Consistent Depth of Moving Objects in Video
This addresses the underconstrained problem of depth estimation in dynamic scenes for applications like video editing, though it is incremental as it builds on existing depth-prediction methods with a new test-time training framework.
The paper tackles the problem of estimating geometrically and temporally consistent depth for dynamic scenes with moving objects from a single moving-camera video, achieving accurate and coherent results on challenging videos.

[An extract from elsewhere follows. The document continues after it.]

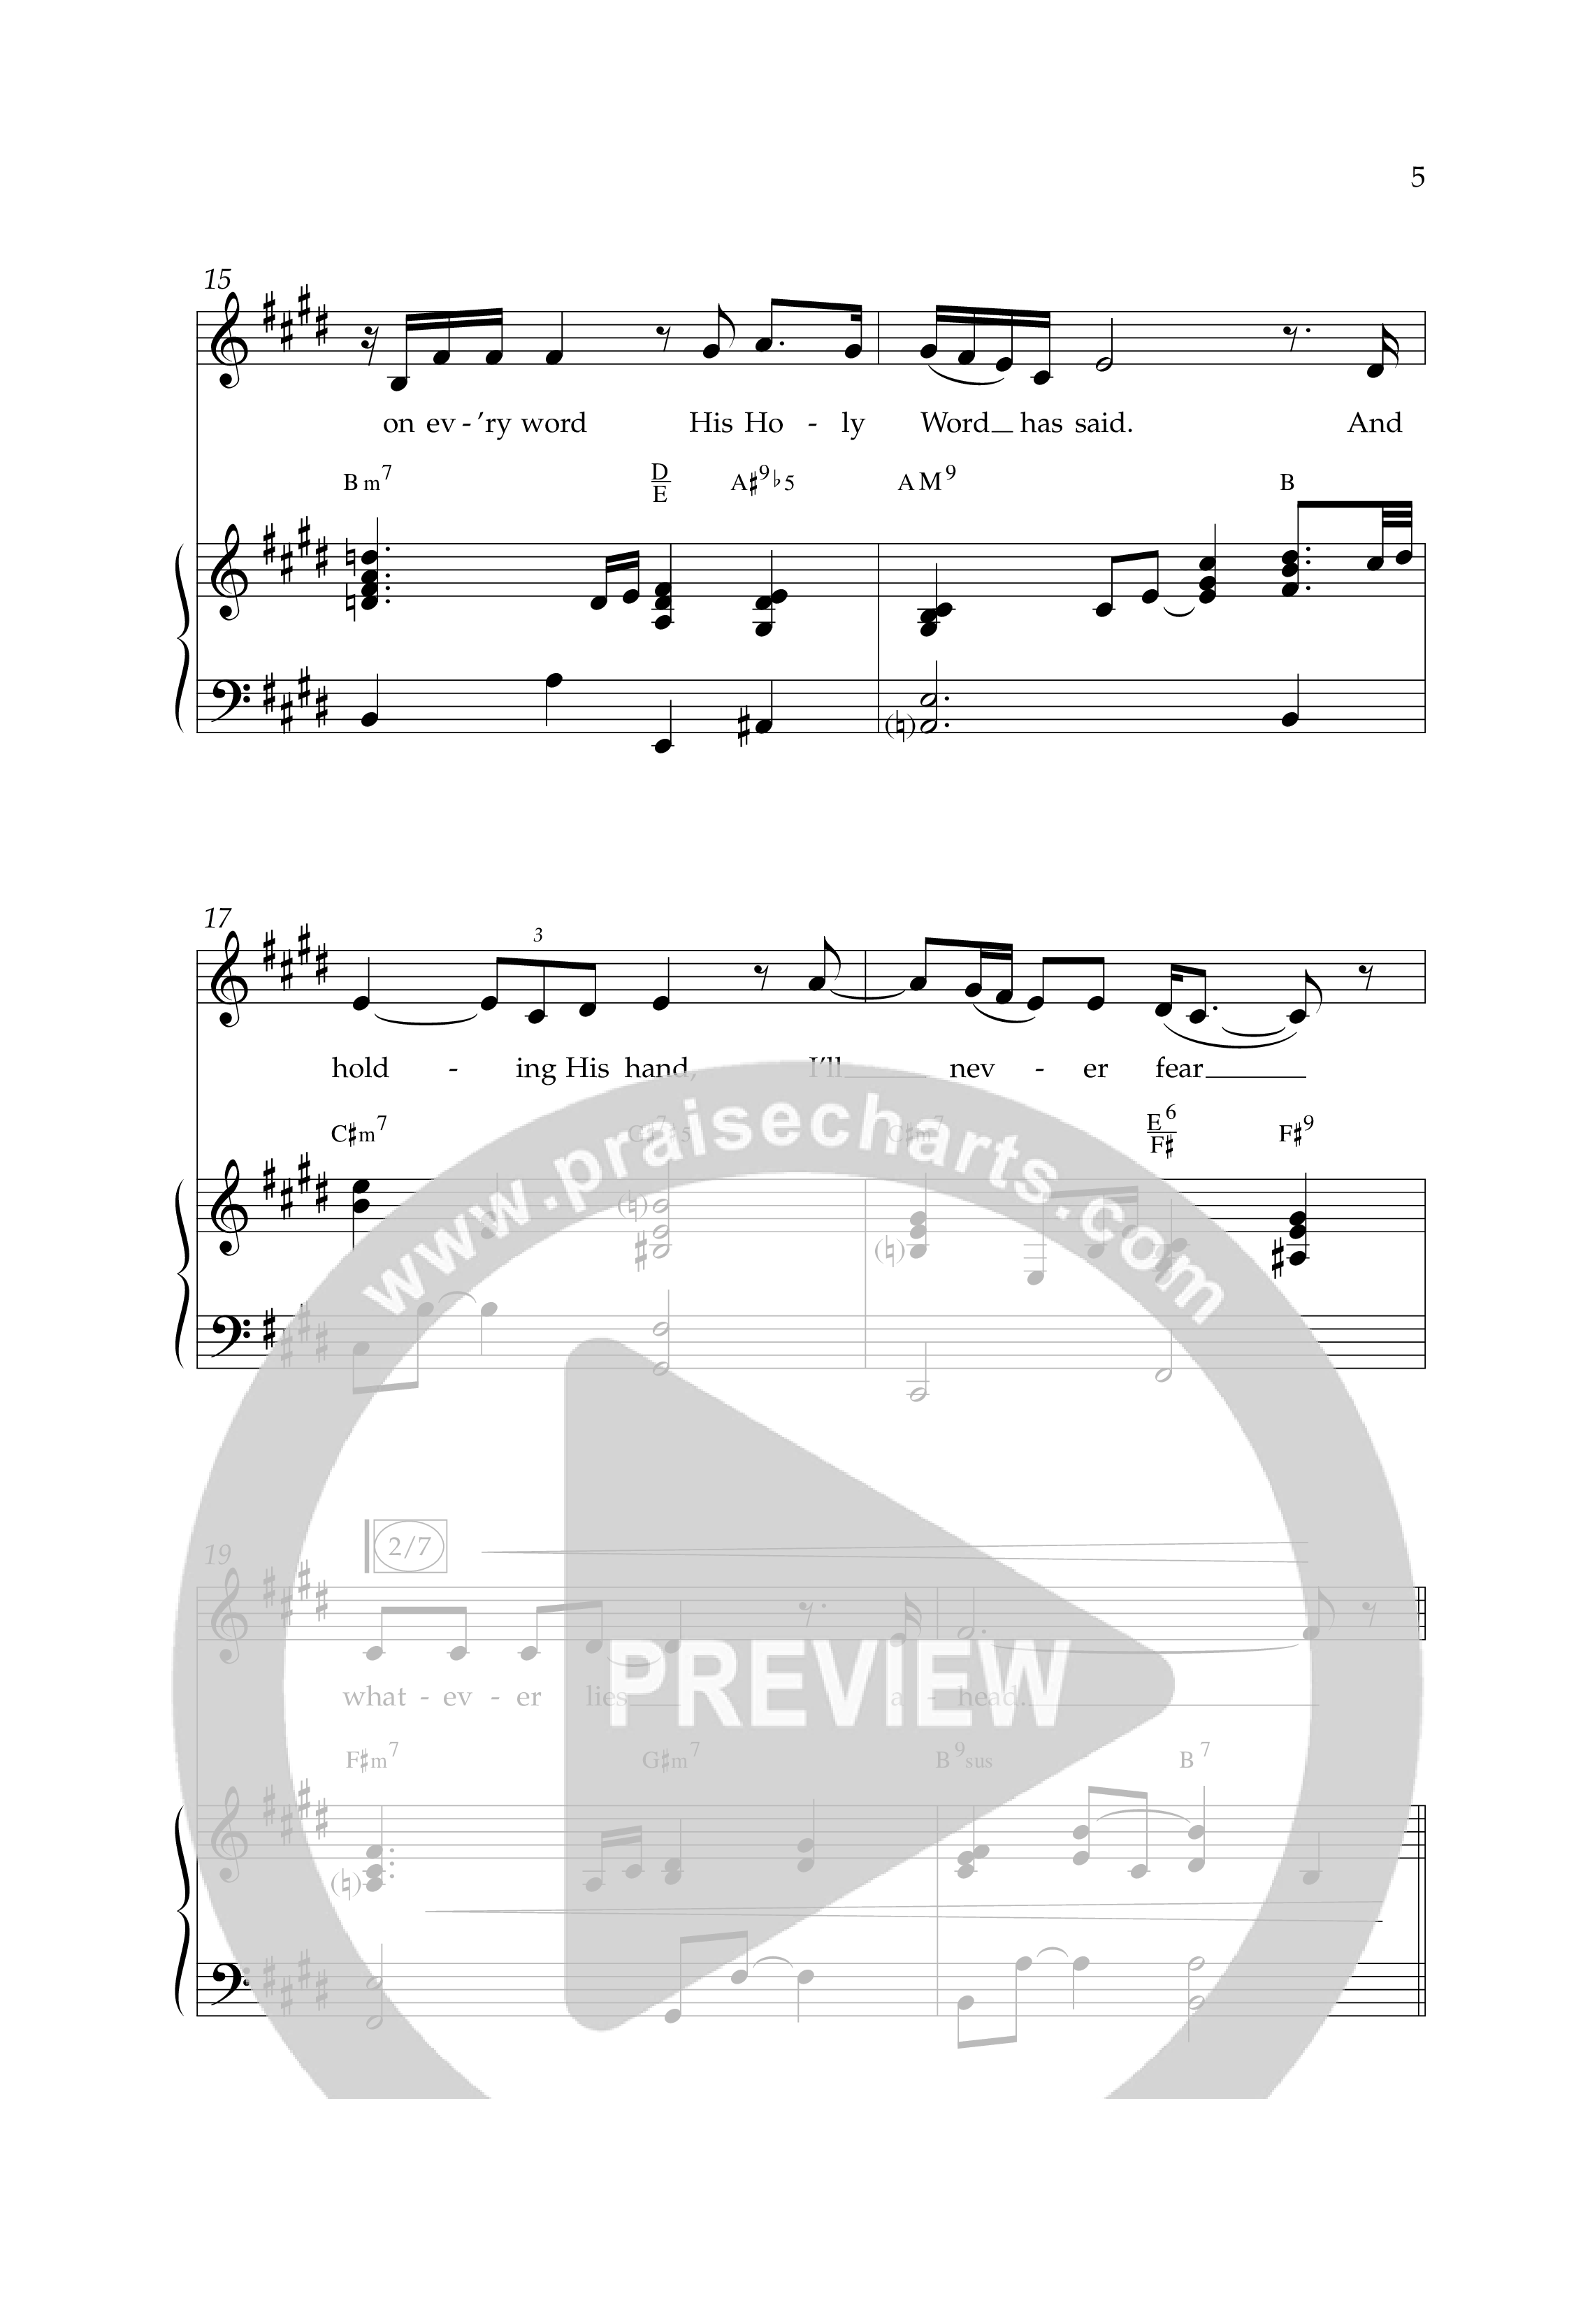 I'm Gonna Make It (Choral Anthem SATB) Anthem (SATB/Piano) (Lifeway Choral / Arr. J. Daniel Smith)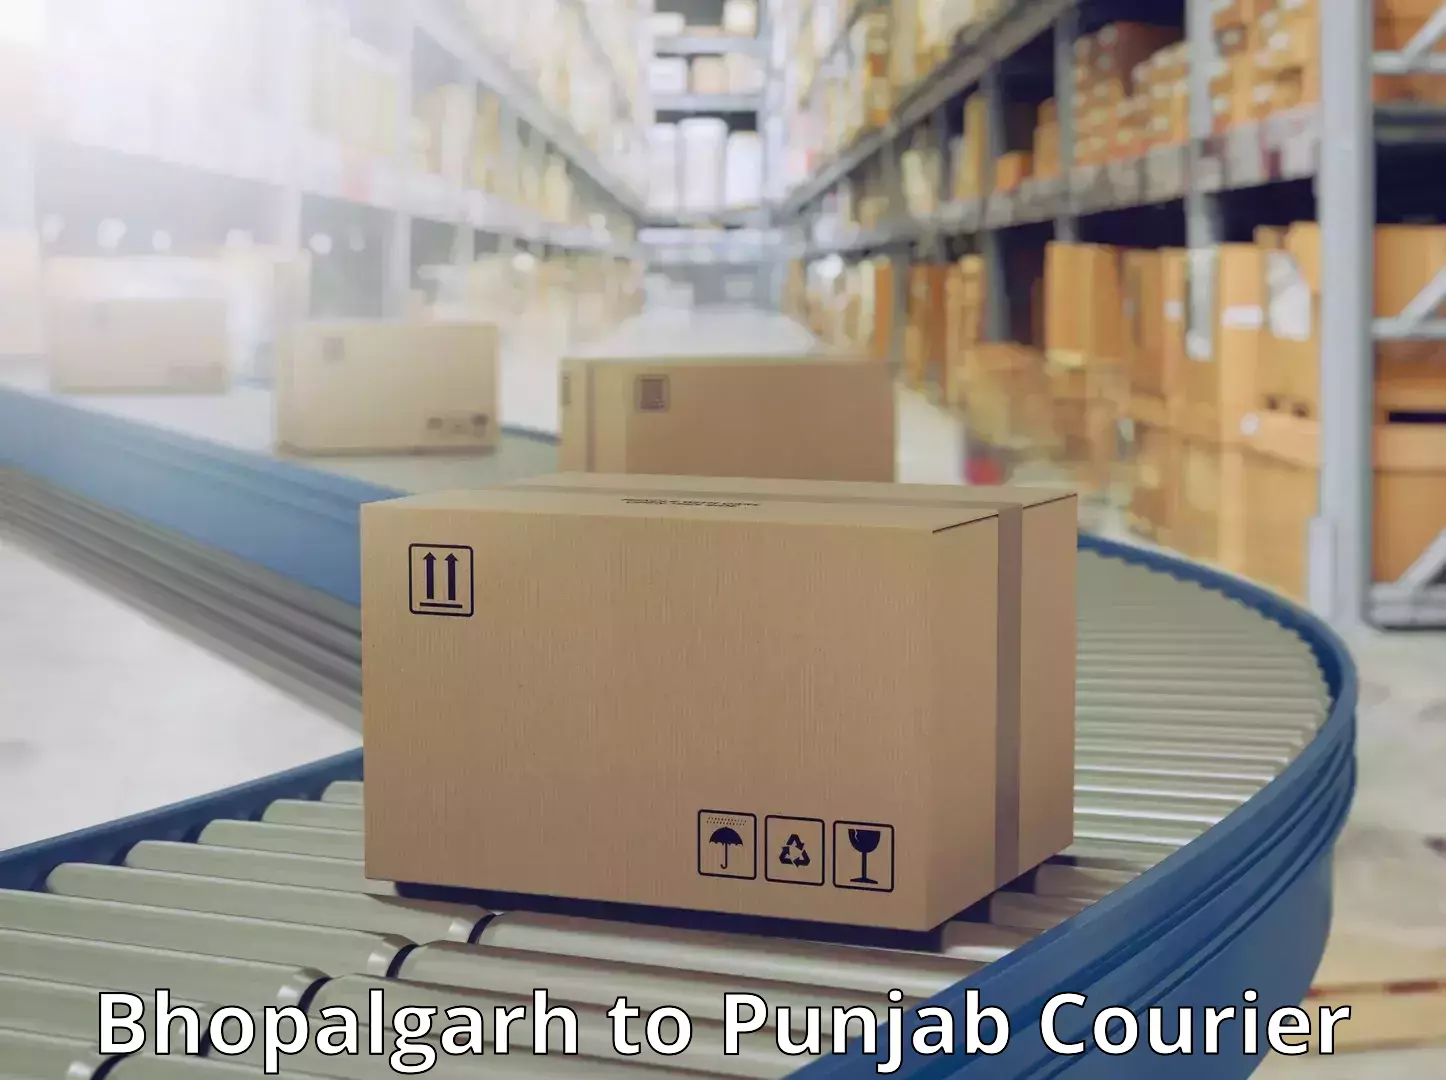 Affordable parcel service Bhopalgarh to Bhadaur

We present a method to estimate depth of a dynamic scene, containing arbitrary moving objects, from an ordinary video captured with a moving camera. We seek a geometrically and temporally consistent solution to this underconstrained problem: the depth predictions of corresponding points across frames should induce plausible, smooth motion in 3D. We formulate this objective in a new test-time training framework where a depth-prediction CNN is trained in tandem with an auxiliary scene-flow prediction MLP over the entire input video. By recursively unrolling the scene-flow prediction MLP over varying time steps, we compute both short-range scene flow to impose local smooth motion priors directly in 3D, and long-range scene flow to impose multi-view consistency constraints with wide baselines. We demonstrate accurate and temporally coherent results on a variety of challenging videos containing diverse moving objects (pets, people, cars), as well as camera motion. Our depth maps give rise to a number of depth-and-motion aware video editing effects such as object and lighting insertion.